If so, can we fix the destroyer so that it does not delete the cluster info unless the destroy is successful?

That would be a great fix.

crawford · 2021-01-25T21:06:46Z

This seems fine to me. @jaypoulz can you file a BZ for the cluster destroy behavior you noted. That sounds like a bug.

/approve

This will also need a valid BZ or will need to wait until the branch opens again in a few weeks.

openshift-ci-robot · 2021-01-25T21:07:09Z

[APPROVALNOTIFIER] This PR is APPROVED

This pull-request has been approved by: cfergeau, crawford

The full list of commands accepted by this bot can be found here.

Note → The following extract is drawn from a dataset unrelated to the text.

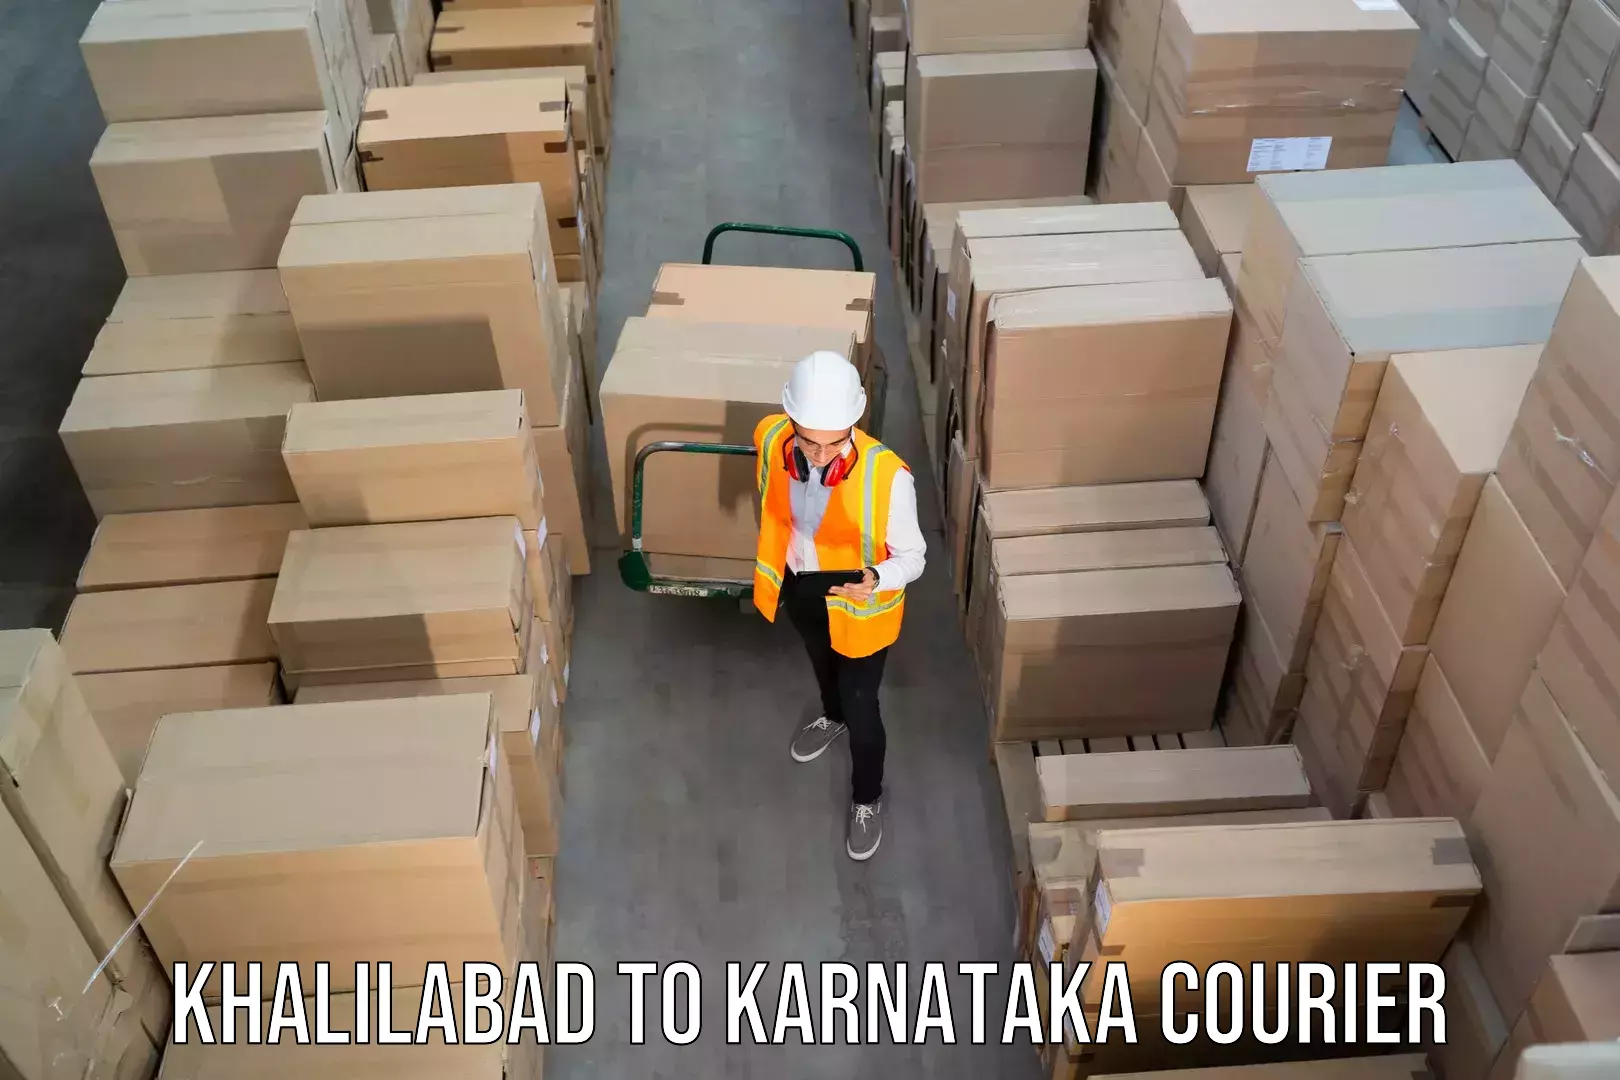 Doorstep delivery service Khalilabad to Karnataka

The pull request process is described here

Needs approval from an approver in each of these files:

~~OWNERS~~ [crawford]

Approvers can indicate their approval by writing /approve in a comment
Approvers can cancel approval by writing /approve cancel in a comment

openshift-bot · 2021-01-25T21:50:05Z

/retest

Please review the full test history for this PR and help us cut down flakes.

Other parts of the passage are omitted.